Iran says 'slow' progress in nuclear deal talks
Iran’s Foreign Minister Mohammad Javad Zarif says the nuclear negotiations with six world powers are moving forward slowly.
“To achieve a different future and to prepare the necessary ground for turning the mistrust of the past decade into mutual trust, it is necessary for Iran and the P5+1 (permanent members of the UN Security Council plus Germany) to implement what has been agreed upon by the foreign ministers seriously, carefully and with goodwill,” Zarif said at a joint press conference with his Italian counterpart Emma Bonino in Tehran on Sunday.
He noted that Tehran’s expert-level nuclear talks with the representatives of the six countries are not easy, adding, “Agreement must be reached on details and minutiae in these [expert-level] talks. The process is moving forward slowly but based on the principles that I said.”

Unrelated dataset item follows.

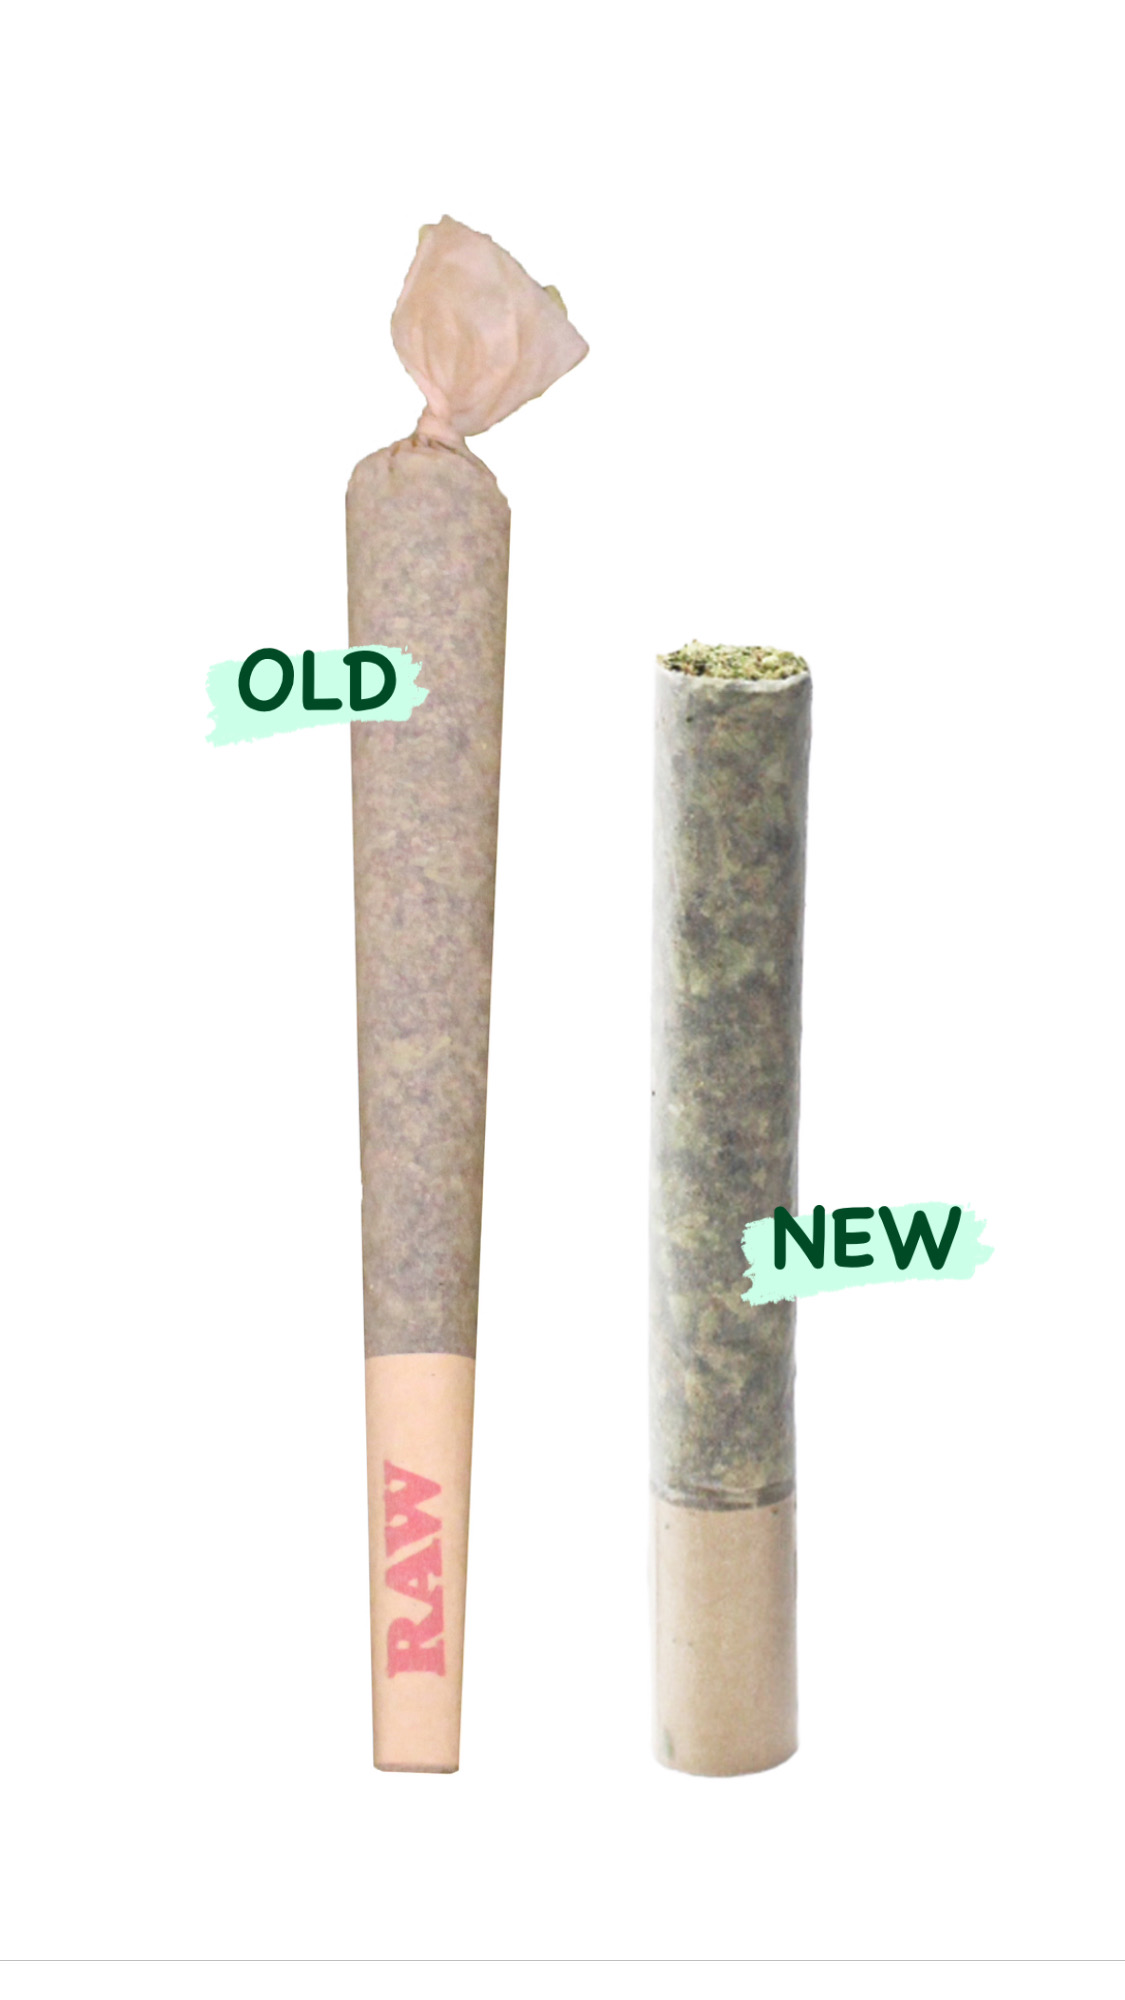 new pre-rolls vs. cones

Iran and the six countries wrapped up the third day of their latest round of expert-level talks on Saturday. The talks are aimed at working out the details for the implementation of the landmark nuclear deal they struck in Geneva last month.
On November 24, Iran and the six countries inked an interim deal in the Swiss city to set the stage for the full resolution of the dispute over Iran’s nuclear energy program.
As part of the Geneva deal, it was agreed that in exchange for limiting certain aspects of its nuclear activities, Iran would be provided with a certain amount of sanctions relief and that no more nuclear-related sanctions would be imposed on the country for six months.
Zarif described the nuclear deal as “a very important development, which should be viewed within the wide framework of the future of Iran-Europe ties.”
The Iranian foreign minister also noted that he will hold a telephone conversation with EU High Representative for Foreign Affairs and Security Policy Catherine Ashton, who represents the six countries, on Sunday afternoon.
On December 12, Iran and the six world powers wrapped up four days of intense expert-level negotiations at the headquarters of the International Atomic Energy Agency (IAEA) in the Austrian capital, Vienna.